PFA Performed by a PSHED Plug-In

A platform-specific hardware error driver (PSHED) plug-in can perform Predictive Failure Analysis (PFA) on ECC memory. When this occurs, the plug-in and not WHEA must monitor ECC memory pages. If the plug-in determines that an ECC memory page has exceeded an error threshold, it indicates this status to WHEA. WHEA then attempts to take the memory page offline.

Note If the PSHED plug-in performs PFA and uses the registry to store its configuration settings, such as error thresholds and monitoring timeouts, it should not rely on or use the WHEA PFA configuration settings described in WHEA Policy Settings.

When an ECC memory error occurs, WHEA and the plug-in perform the following steps:

  1. The low-level hardware error handler (LLHEH) is notified about the presence of the memory error condition.

  2. The LLHEH retrieves information about the memory error from the error source and uses the error data to complete a hardware error packet. This packet is formatted as a WHEA_ERROR_PACKET structure.

  3. The LLHEH calls into the PSHED to retrieve any platform-specific hardware error information. If a PSHED plug-in in installed and is registered to retrieve information about errors, the PSHED will call into the PSHED plug-in so that the plug-in can modify the information about the error that is returned to the LLHEH.

  4. The LLHEH calls the Windows operating system kernel and passes it the error packet.

  5. The Windows kernel creates an error record and adds to it the information from the error packet that was received from the LLHEH. Additionally, the Windows kernel adds other information about the error, such as the error source, the severity of the error, and how many times the error has occurred to the error record.

  6. The Windows kernel calls into the PSHED to allow the PSHED to add sections to the error record.

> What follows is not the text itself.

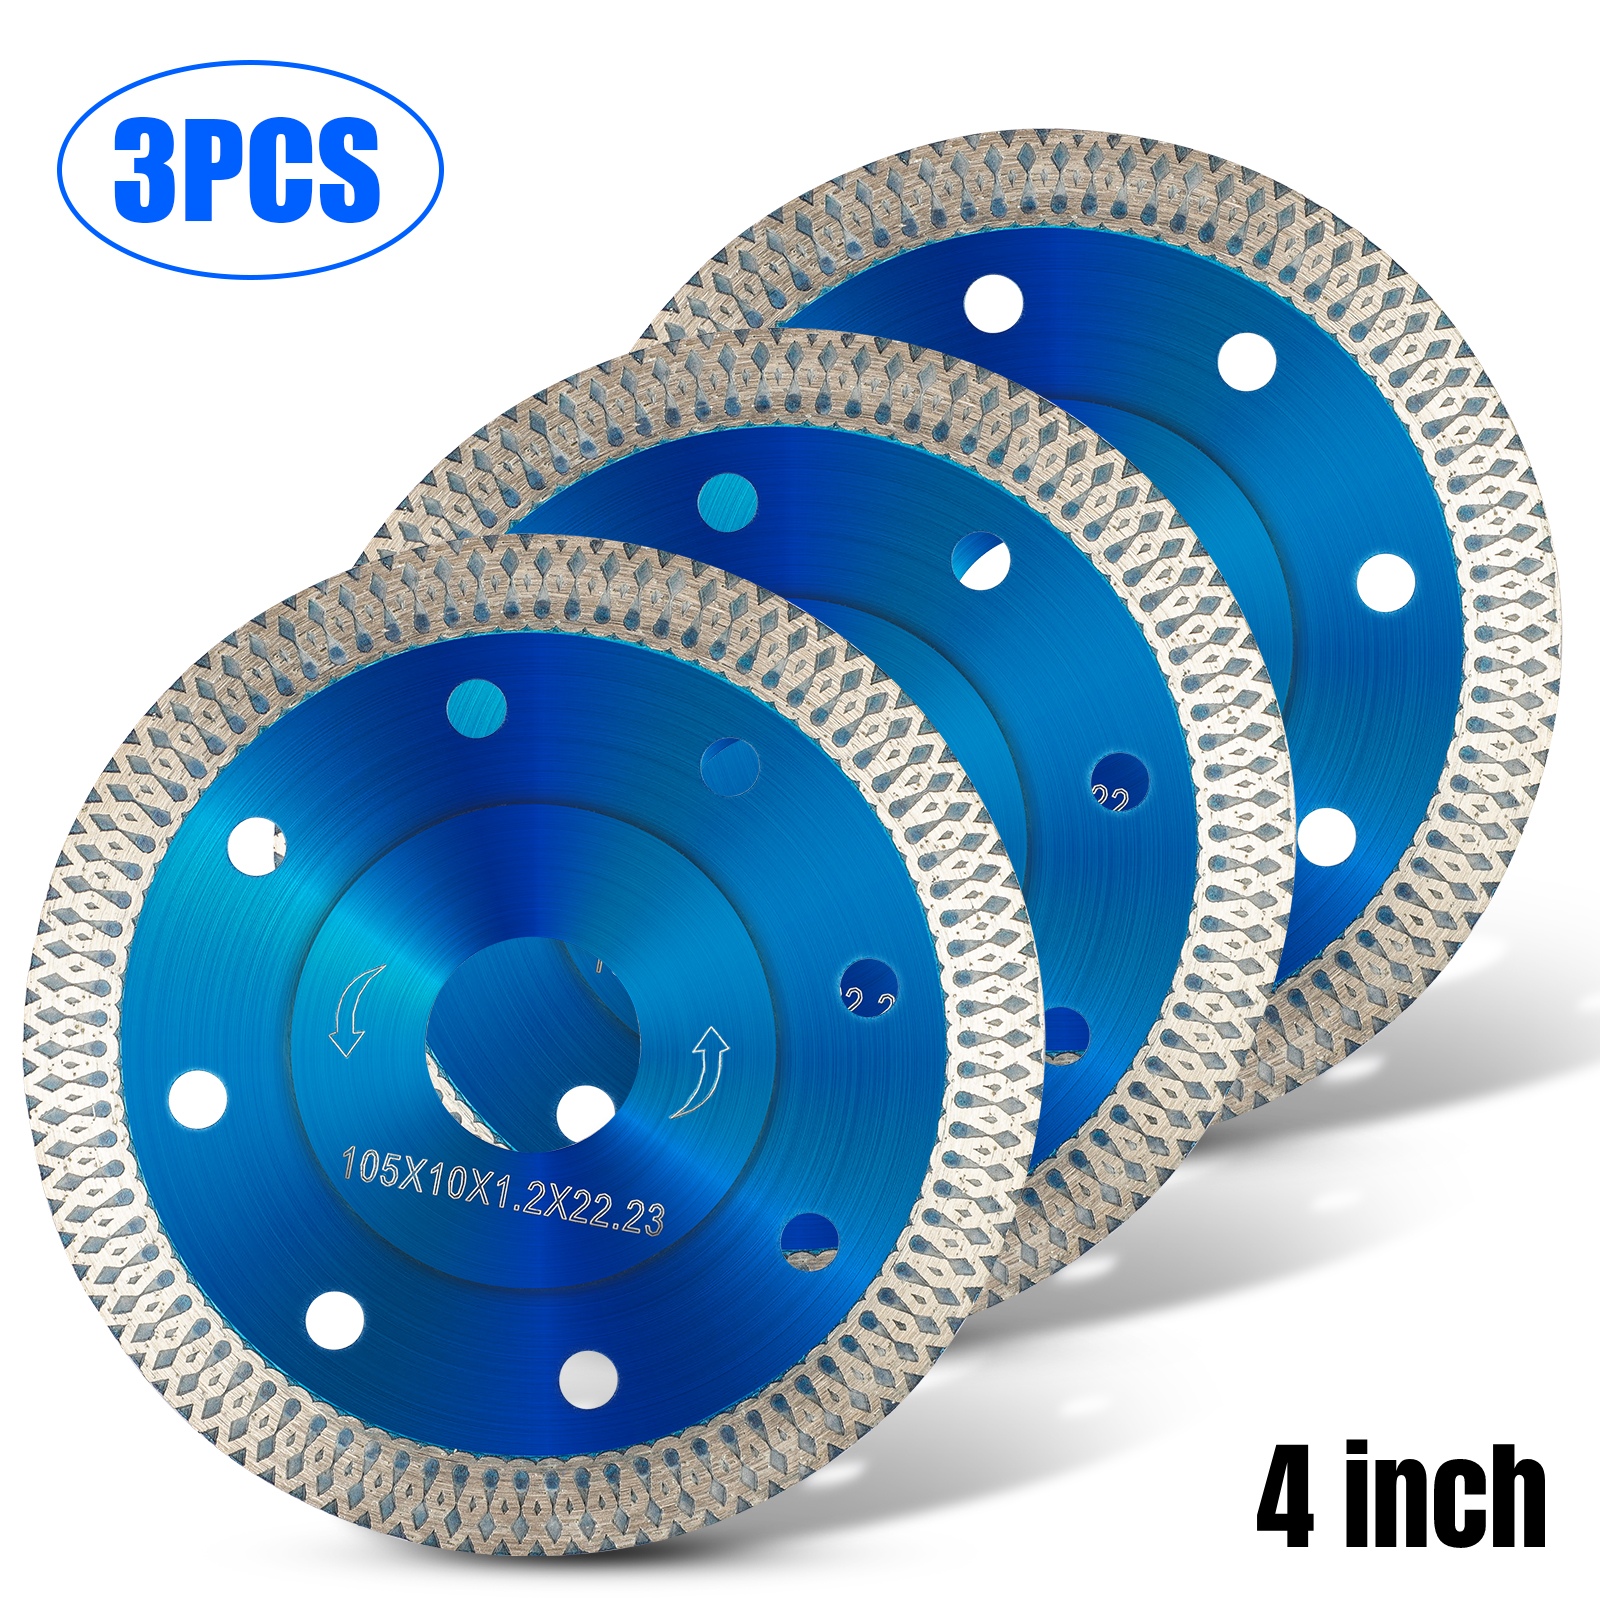 Porcelain Tile Turbo Thin Diamond Dry Cutting Blade/Disc Grinder Wheel Useful

  7. If a PSHED plug-in is installed and is registered to retrieve error information, the PSHED will call into the PSHED plug-in so that it can modify the information in the error record.

  8. If the PSHED plug-in is performing PFA on the ECC memory page, it must do the following:

    • Set the PlatformPfaControl bit in the WHEA_ERROR_PACKET_FLAGS member of the WHEA_ERROR_PACKET structure. If this bit is set, WHEA is no longer responsible for PFA on that memory page.
    • If the plug-in determines that the ECC memory page that encountered the error should be taken offline, set the PlatformDirectedOffline bit in the WHEA_ERROR_PACKET_FLAGS member. If this bit is set, WHEA attempts to take the memory page offline.

    Otherwise, the PSHED plug-in must clear the PlatformPfaControl and PlatformDirectedOffline bits in the WHEA_ERROR_PACKET_FLAGS member of the WHEA_ERROR_PACKET structure.

    Note If the PlatformPfaControl bit is cleared, WHEA performs PFA if configured to do so and will determine whether the ECC memory page that encountered the error should be taken offline. For more information about this process, see PFA Performed by WHEA.

  9. If the ECC memory page should be taken offline, WHEA first calls the system memory manager to perform this operation.

    Note When the system memory manager is called, there is no guarantee that the ECC memory page will actually be taken offline.

WHEA then adds the memory page into the Boot Configuration Data (BCD) store on the system. This prevents the memory page from being used after the next system restart.

Note WHEA will not take a hardware component, such as an ECC memory page, offline if the registry value DisableOffline is set to a nonzero value. Also, WHEA will not add the memory page to the BCD store if the registry value MemPersistOffline is set to 0. For more information about the registry values, see WHEA Policy Settings.

For more information about the system memory manager, see Memory Management in the Windows SDK documentation.

  1. The Windows kernel generates an ETW event and logs the error information in the system event log.